We all know it's difficult to build software that understands motion. However, there's been significant  advances in the field that's making it more comprehensible for many engineers. For those who are developing a motion-enabled product, here is one framework that we use at Kiwi to develop an effective motion recognition engine.


One thing we've learned is that different categories of motions should be approached differently. Specifically, there are two very distinct categories of motions: Activity and Movement.


First up is activity recognition, which measures different types of activity. Activity refers to different states of a user, for example: sitting, standing, walking, running. Here, we typically measure the number of times or duration an activity has occurred.



Movement recognition is a little more complex. These are the specific movements, not states, that you want to capture. The different movements that can be categorized are infinite - bat swing, wrench torquing, arm raise, etc. The questions asked for measuring movements are typically the following: when did the movement happen, how did the movement happen, and what information is useful from the movement.


The Kiwi Framework

We've broken down the Kiwi framework into 4 parts: Data collection, analysis type, personalization, and machine learning. Once you know whether you're doing activity recognition or movement recognition, you can approach these parts with more clarity.


1. Collect data

The cornerstone of any motion engine? A rich data set. Investing resources in collecting a plethora of relevant data will increase the effectiveness of your motion recognition engine. Data itself can be broken into three 'types' of data, all necessary for creating a motion engine:


Clean data - The basis for creating a model with different motions. This data is composed of moderated, consistent repetitions of a motion, with enough rest time between repetitions.

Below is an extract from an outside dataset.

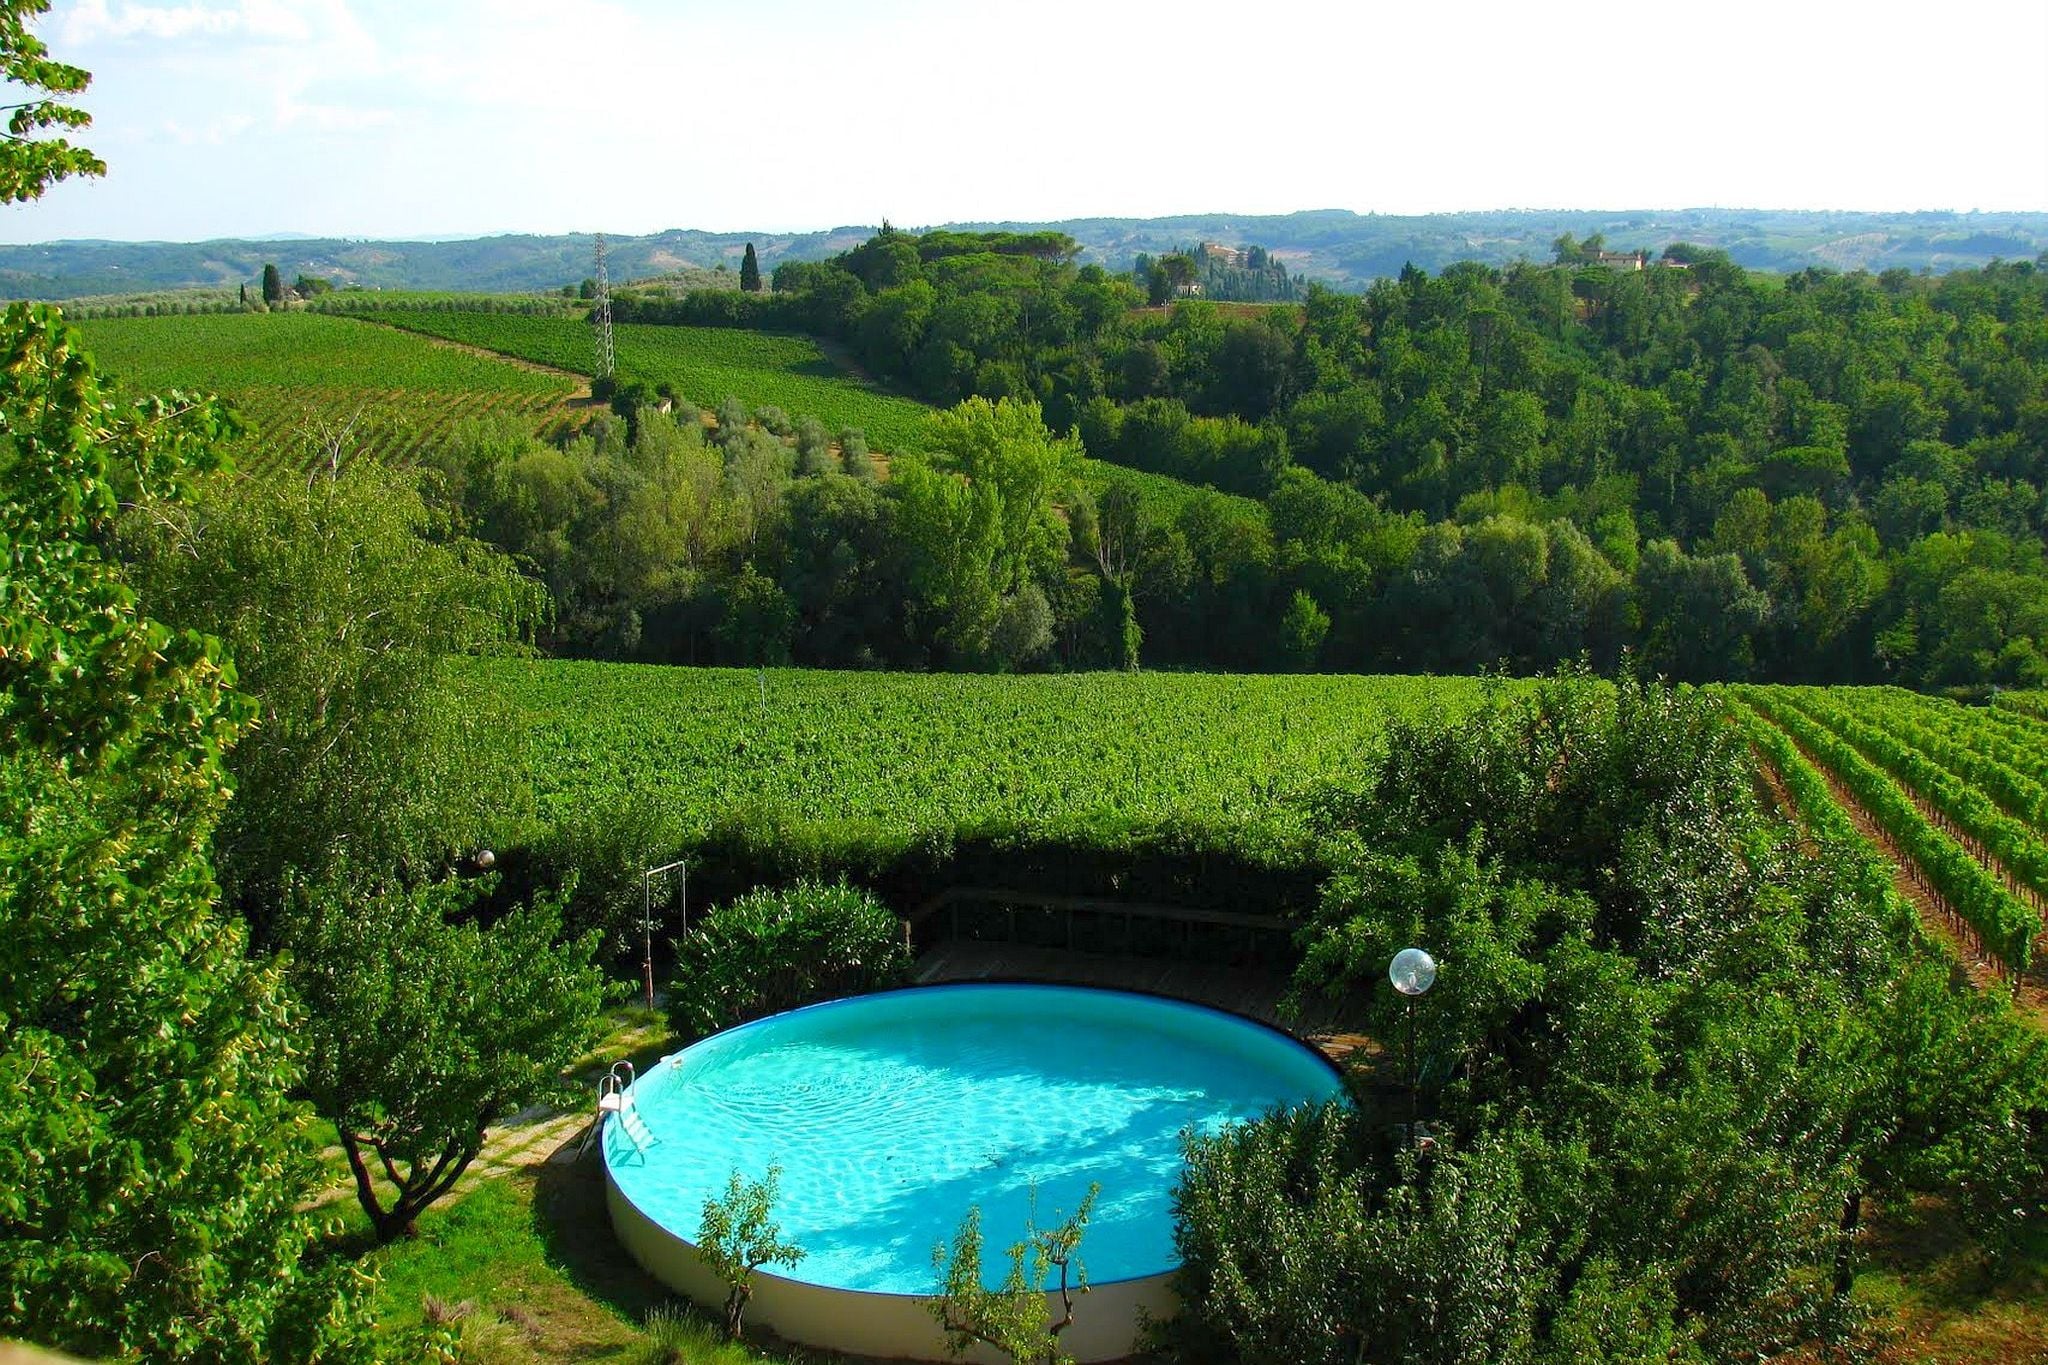 Part of a beautiful manor house overlooking the hills of Chianti Classico

Natural data - Important for creating a model applicable in the real world. This data helps filter out false positives. In the real world, data is never clean, due to variation in users, inconsistency in doing a single motion, and other things between motions.

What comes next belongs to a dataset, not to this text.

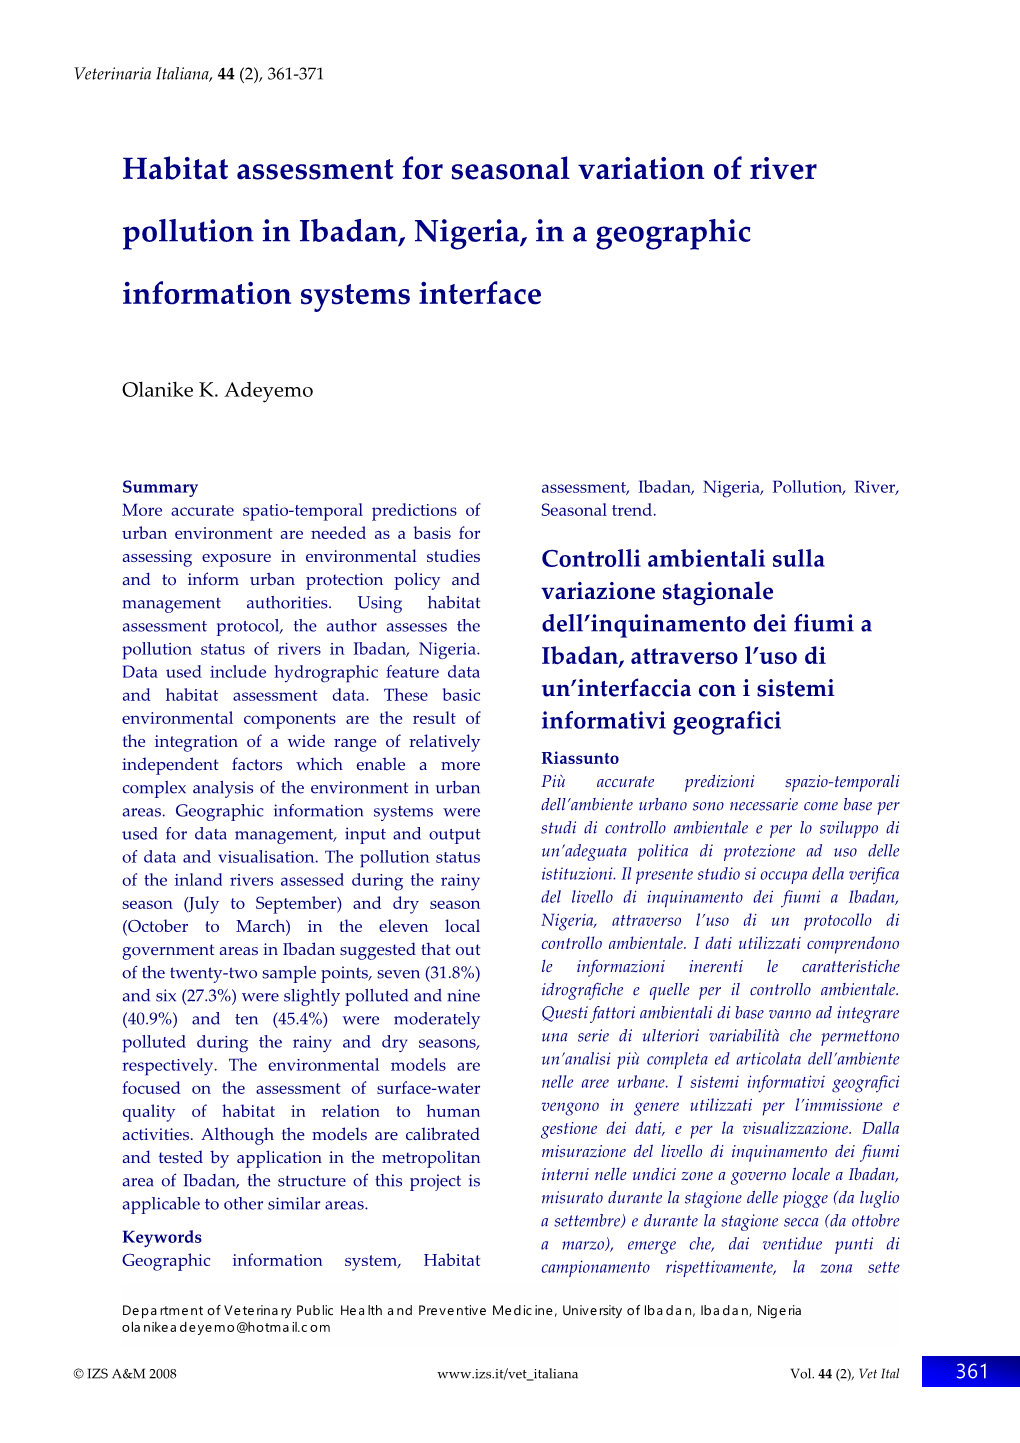 Habitat Assessment for Seasonal Variation of River Pollution in Ibadan, Nigeria, in a Geographic Information Systems Interface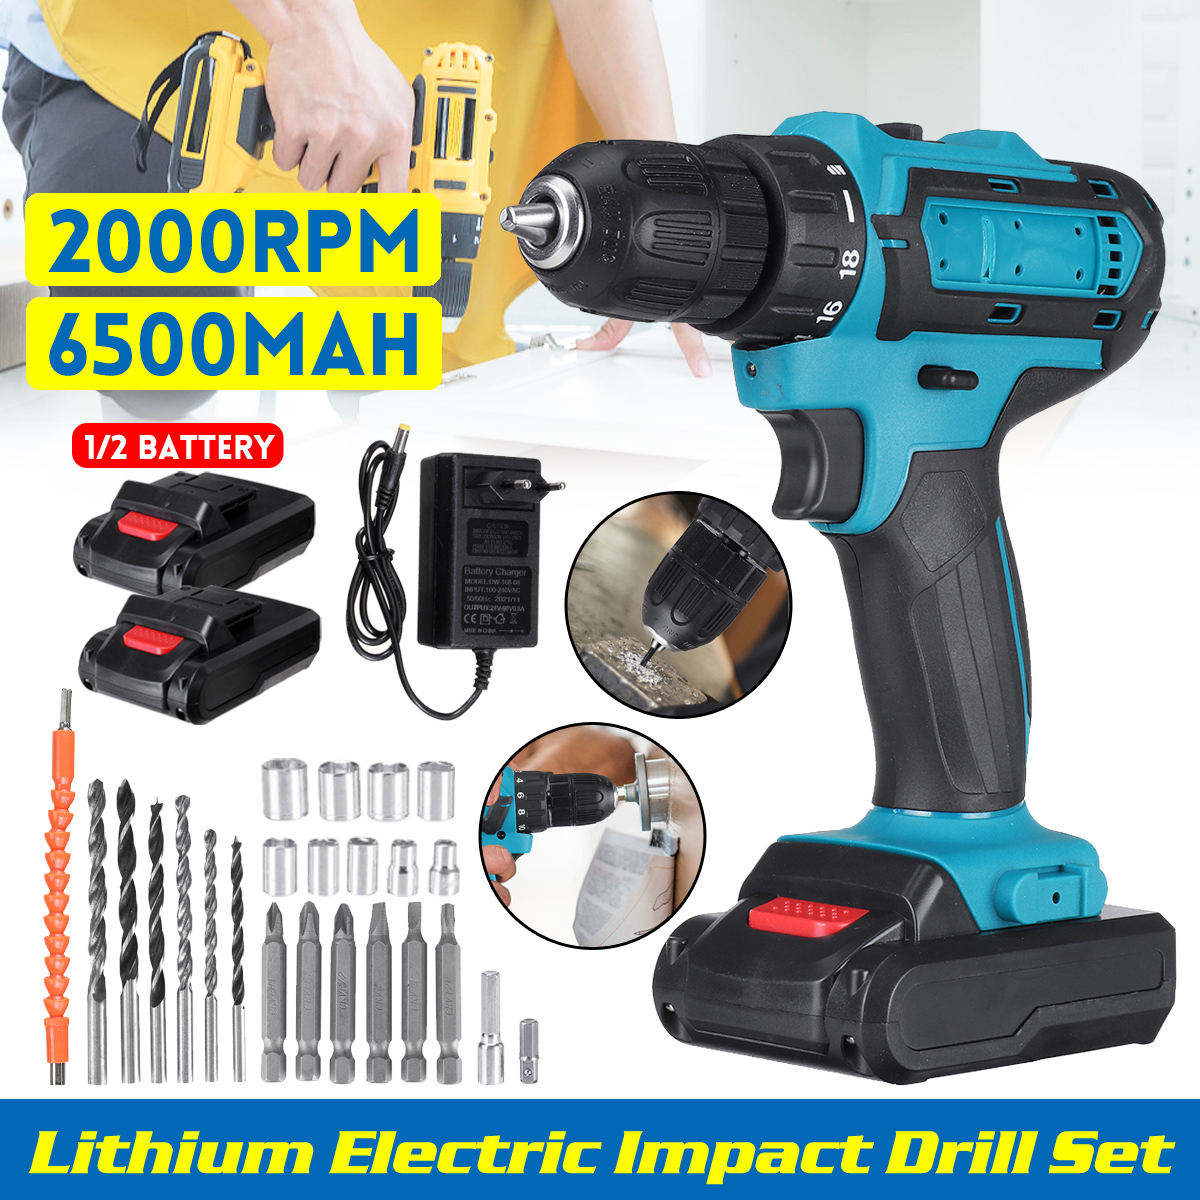 2000rpm-38Nm-21V-Lithium-Electric-Impact-Hammer-Drill-Wood-Drilling-Screwdrivers-with-Battery-1943477-1

Garbage data - This data can be utilized for parameterizing the motion models. Think of this as movements the user may do, however should not be recognized as the correct motion. For example, if we want to track only the amount of jabs during a boxing session, we should collect data on other punch types (hooks, uppercut, etc.) to avoid misclassification.


Data collection types

A visual representation of these data types

2. Pattern-Based Analysis or Feature-Based Analysis?

There are two techniques you can use depending on which type of activities and motions are being tracked: pattern-based or feature-based. Pattern-based analysis is relatively simple to use and is perfect for large and distinctive motions (such as stick movements and ball pitching).


Feature-based analysis is a bit more sophisticated. You need to utilize various analysis techniques, such as digital signal analysis and statistical analysis. It becomes a powerful framework when recognizing small motions and not-so-distinct motions.


3. Personalization

Each individual has different footprints for the same motion. The recognition engine should account for all the variations.


But be warned, having an overly robust engine may cause inaccurate false positives. You need to fine-tune it and find what's best for your use-case. This is where natural and garbage data can be extremely handy to help develop a filter based on the collected data.

4. Machine Learning

Now that we know how to account for personalization, we need to understand how each person changes. Over time, each users' motions will change and develop, especially for use-cases like sports analytics. Make sure to have a layer in the engine where the models can be incrementally trained over time.

As the famous computer science idiom goes, “garbage in, garbage out.” It all starts from a rich data set - your model will reflect the quality of the data collected. Once the data is collected and organized, the rest will follow.